San Mateo County Seeks Updated Count of Homeless Residents with Hopes to Improve Services - LifeMoves

Read this article from the San Mateo Daily Journal:

Before the sun could come up Thursday morning, volunteers and officials from across San Mateo County flooded neighborhoods in search of homeless residents living on the streets, in tents, makeshift shelters, cars or RVs.

Known as the One Day Homeless Count and mandated by the federal Department of Housing and Urban Development, the search is conducted once every two years and is meant to give local, state and federal agencies an idea of how many people are living without homes across various regions.

But County Executive Officer Mike Callagy said local officials are less concerned about the number, which he noted is only a best estimate, and more interested in connecting those in need with vital services.

“We want the [Homeless Outreach] teams to be the first line of defense and to really work with the population, get to know them, and show them the benefits of coming into shelter,” Callagy said. “It’s all about getting people housed and saving lives. There’s just too many people dying on the street.”

The count was last conducted in 2022 during which about 1,800 residents were homeless, according to a county report. Of those individuals, about 1,100 were unsheltered, meaning they were living on the streets, in a car, van or RV, or in a tent or other structure. The other 700 were living in temporary housing across the county.

The overall number is just an estimate, said Lena Silberman, a management analyst in the County Executive’s Office whose work focuses on policy and homelessness. Each tent and structure sighted is counted as a single person despite being large enough to house more than one individual.

“It’s a hard balance,” Silberman said, noting additional data indicates more people are now in shelters than living on the streets today.

Morning of the count

Silberman joined Callagy; Carolina Moscoso, an outreach worker with nonprofit LifeMoves; and Eric Forgaard, a county civic engagement specialist, at 5 a.m. Thursday to conduct this year’s count.

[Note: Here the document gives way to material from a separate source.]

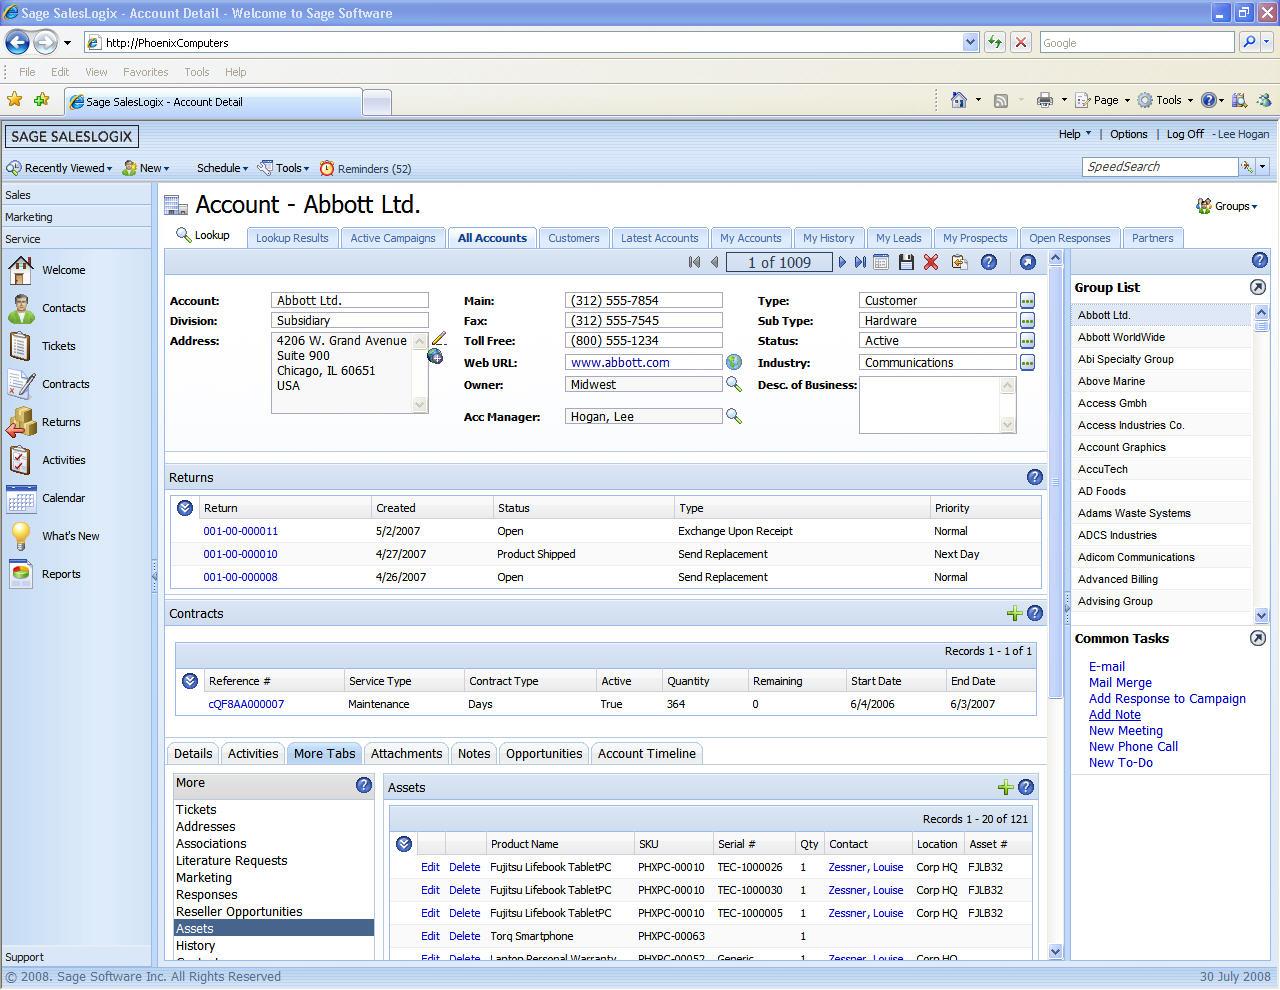 Infor Crm Sage Crm Solution Web Based Amp Lan Customer

Like other volunteers up and down the county, the group piled into a car and cruised through parking lots, side streets and busy roads scouring the area for any sign someone may be living there.

A tent tucked away in a corner, someone pushing a shopping cart or pulling a small wagon full of belongings, a car with steamed windows or RVs surrounded by bags, bikes and other items, or full makeshift structures are all indicators of life, Callagy said.

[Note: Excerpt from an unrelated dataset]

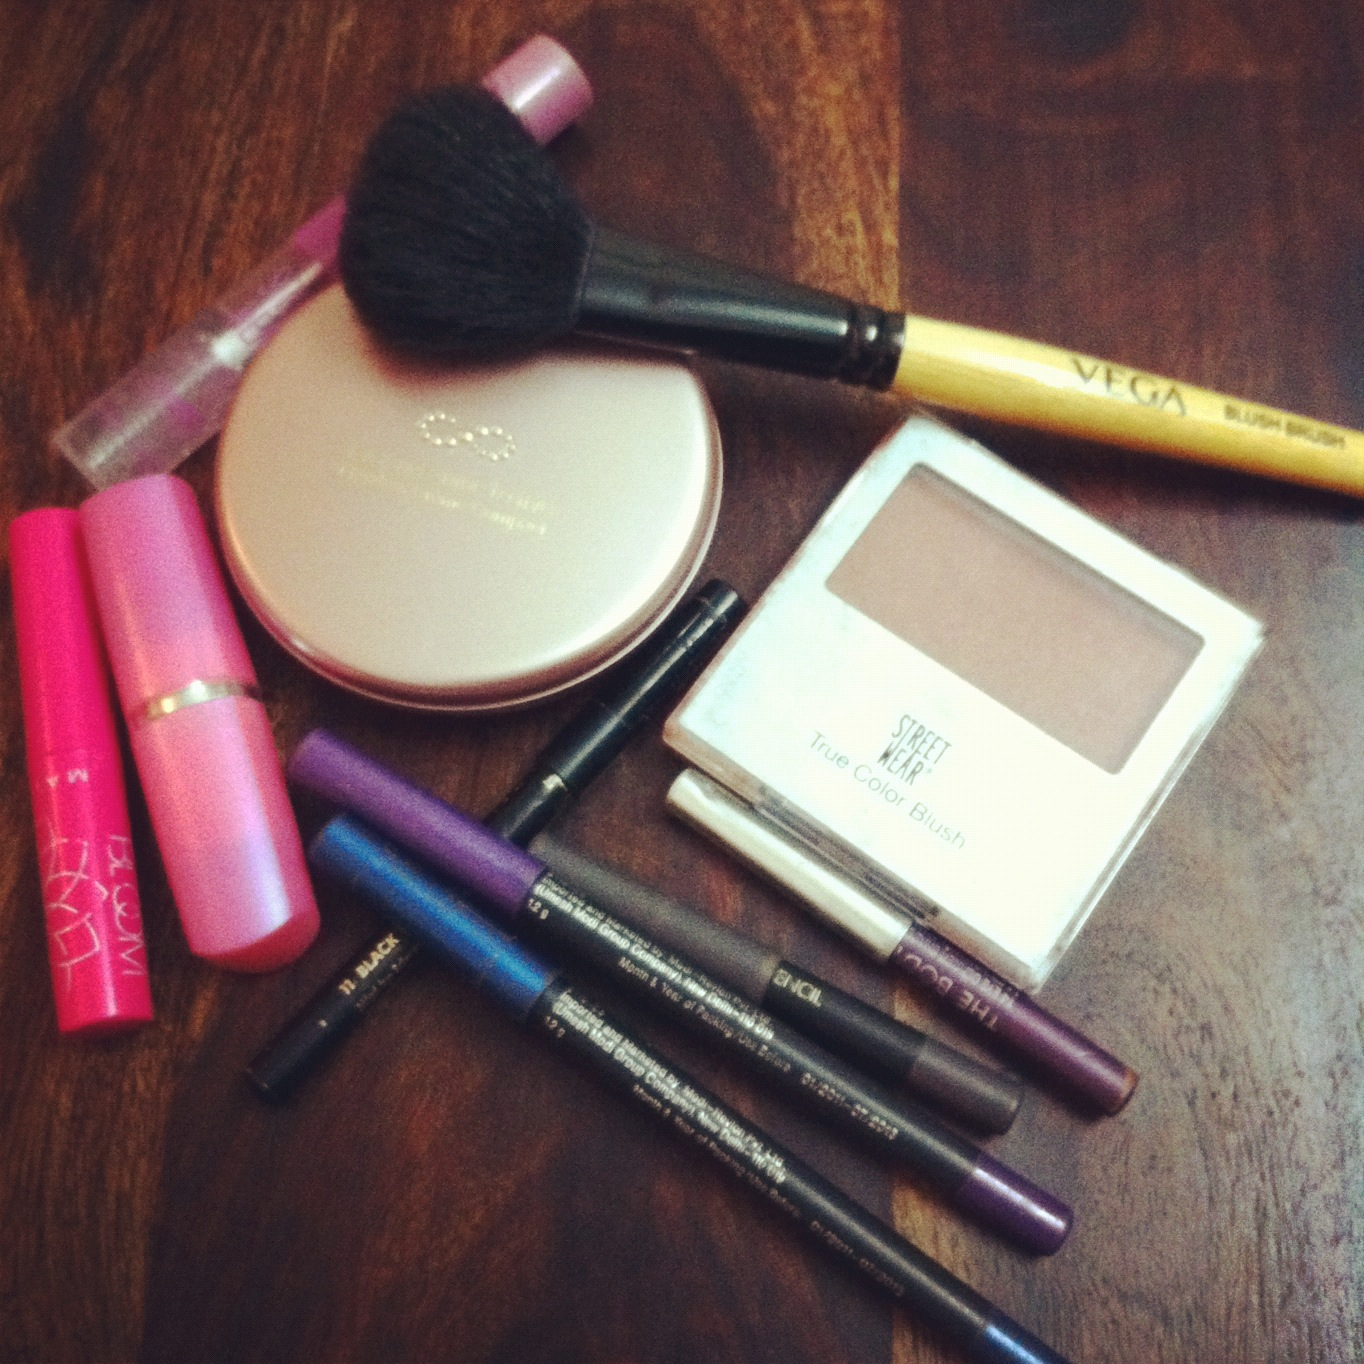 http://4.bp.blogspot.com/-KTlBtwcS5nA/UB7GPwnKyMI/AAAAAAAABOo/Yg7-nTZfbdE/s1600/makeup.jpg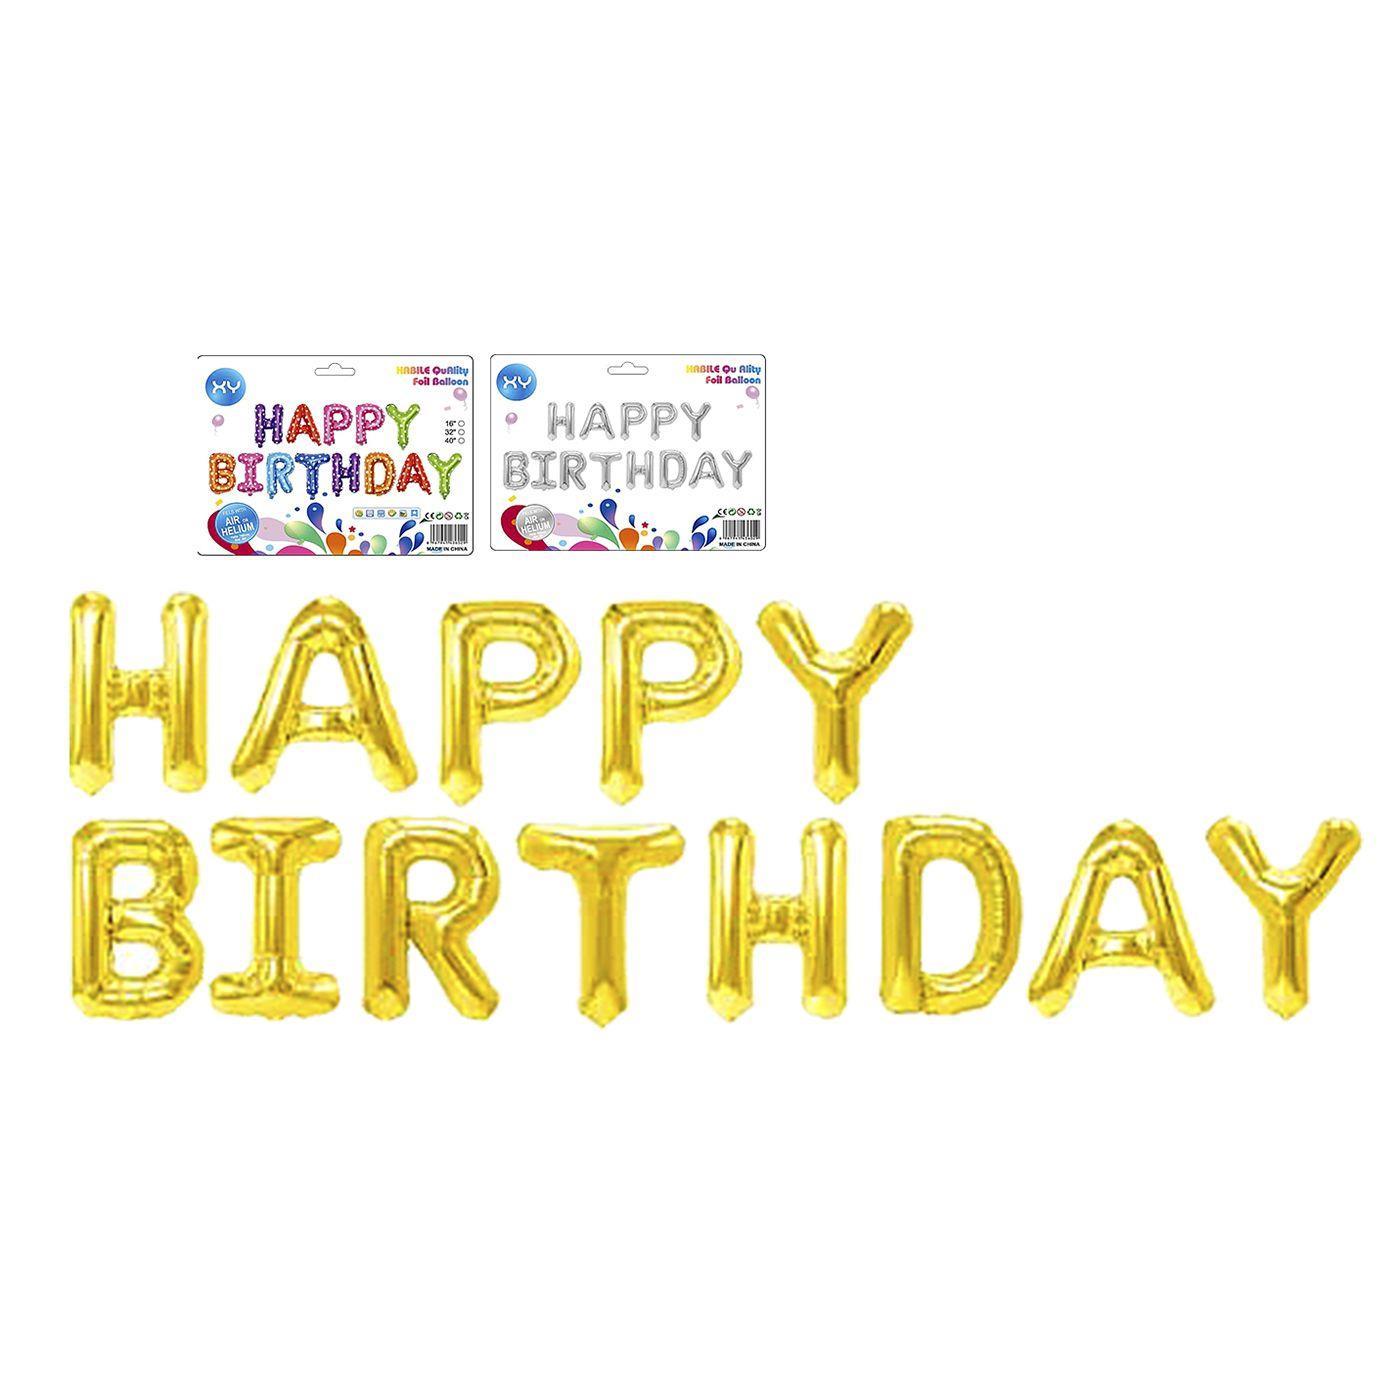 ΦΟΥΣΚΩΤΟ ΜΕΤΑΛΛΙΖΕ HAPPY BIRTHDAY ΥΨΟΣ ΓΡΑΜΜΑΤΩΝ=42cm

Many groups completed Thursday’s count without spotting a single person residing in the streets. Meanwhile, Moscoso spent the morning entering multiple sightings on Redwood City’s eastern edge into the app Counting Us used only internally at the moment.

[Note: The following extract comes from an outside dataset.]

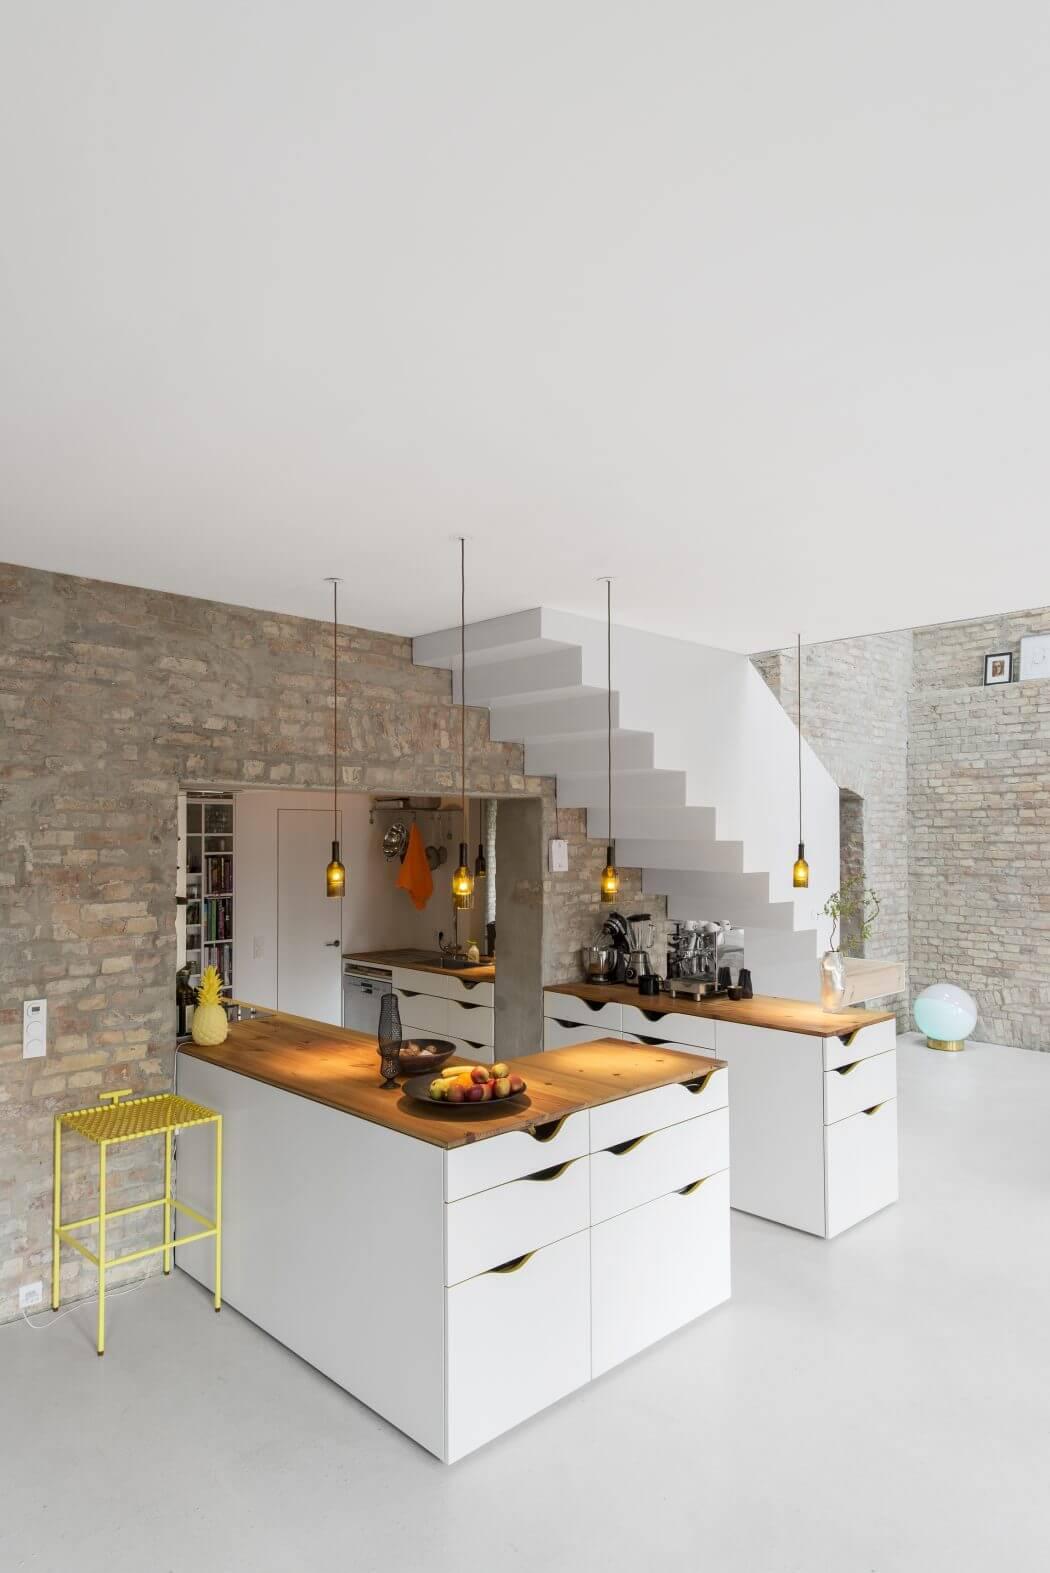 017-millers-house-asdfg-architekten-1050x1573

Redwood City is known to be home to a larger share of the county’s unhoused population, a fact Callagy theorized could be due to resources being centralized in the city. Caseworkers across the county, though, have large caseloads, Moscoso said.

“Everybody, I feel, is overworked. We just need more people in the streets,” Moscoso said.

Jerry and Scott along the tracks

Nearing the end of the group’s time searching in Redwood City, they came across Jerry and Scott. The friends were living in a shack made of plywood along train tracks near Veterans Boulevard and Highway 101, the frontage sprayed in red paint with the words “No soliciting” and “go away” on the door.

Both found their way to homelessness through drug addiction. Scott relapsed about five months ago after years living sober and working in restaurants, and Jerry spent the past seven years going between jail and the streets.

Their lives, as to be expected, aren’t easy. Scott said he often can’t sleep out of fear of assault. He and his roommate recounted stories of fires being lit near makeshift homes out of spite. Reasons for conflict vary, Jerry said, from arguments between couples to tiffs between dwellers of different encampments over stolen goods.

Both said they also often feel harassed by police officers for simply being homeless instead of being offered services. And addiction is a hard reality, both noting they’ve seen friends overdose, Jerry as recently as Wednesday night. But on days when they’re hungry and cold, drugs help the time pass, they said.